Bekker used trap catch data to visualise the distribution range of fruit flies in a pome-producing area in the province. Approximately 400 traps were selected. A geographic information system (GIS) was then used to map the mean trap catch per trap location of four consecutive production seasons. He combined this information to identify monthly and seasonal long-term hot and cold spots in the regions of Elgin, Grabouw, Villiersdorp and Vyeboom. Hot spots are defined as areas with relatively high trap catches and cold spots areas with low trap catches, relative to the rest of the study area.

Findings

The results showed that the distribution of fruit fly hot and cold spots in his study area is driven by long-term climate variables. The hot spots were concentrated in the hotter and drier areas, and the cold spots in the colder and wetter areas. The study indicated that rainfall was the most important driver of these hot and cold spots. However, these drivers are area-specific. “This means that the same drivers cannot be used to model fruit fly distribution in areas with different climates and geographic characteristics,” Bekker explains. This finding motivates for finer-scale monitoring of climate in different regions, he says. It will allow for more accurate and area-specific models.

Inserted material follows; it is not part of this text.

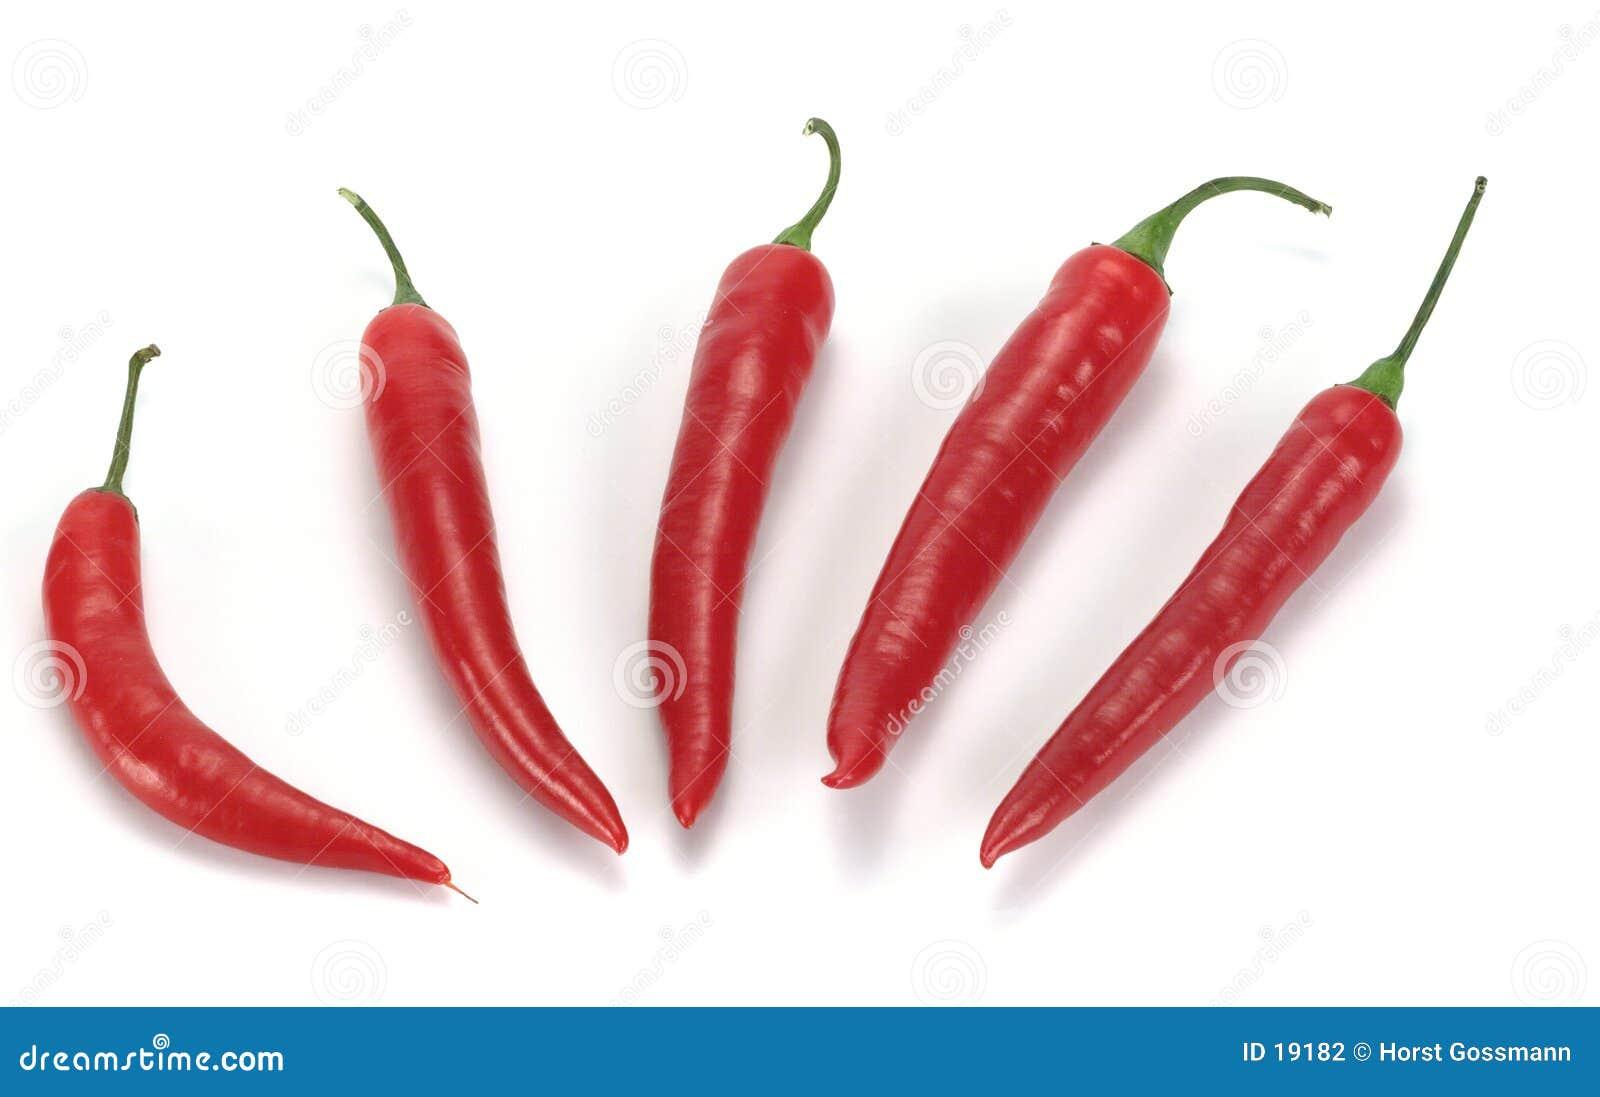 Pepe di peperoncino rosso

Although the drivers of fruit fly spatial distribution were different between the regions, the distance from orchards to urban areas in the early fruiting season emerged as a strong driver in all the areas. This was the case in the regions of Elgin and Grabouw, Vyeboom, Villiersdorp, as well as the Warm Bokkeveld. “Again, this brings up the question of the impact of unman-aged home gardens in urban areas on the fruit fly populations in surrounding commercial orchards,” Bekker emphasises. Bekker also zoomed in on orchard level to understand fruit fly populations at this scale. This is part of efforts to understand why orchards with low numbers of fruit flies in traps often experience lots of damage related to fruit fly infestation. “Many producers are baffled by the fact that there is often not a clear correlation between trap data and the damage caused in orchards by these insects,” he says. “Trap catch and fruit damage is a spatial problem and needs to be looked at in this way. We know that fruit fly distributions in orchards are spatially variable. It just makes sense that the damage would also be spatially variable. The monitoring method for both the fly and the fruit damage must be conducted on the same scale. This notion is, however, still unexplored and more research is needed.”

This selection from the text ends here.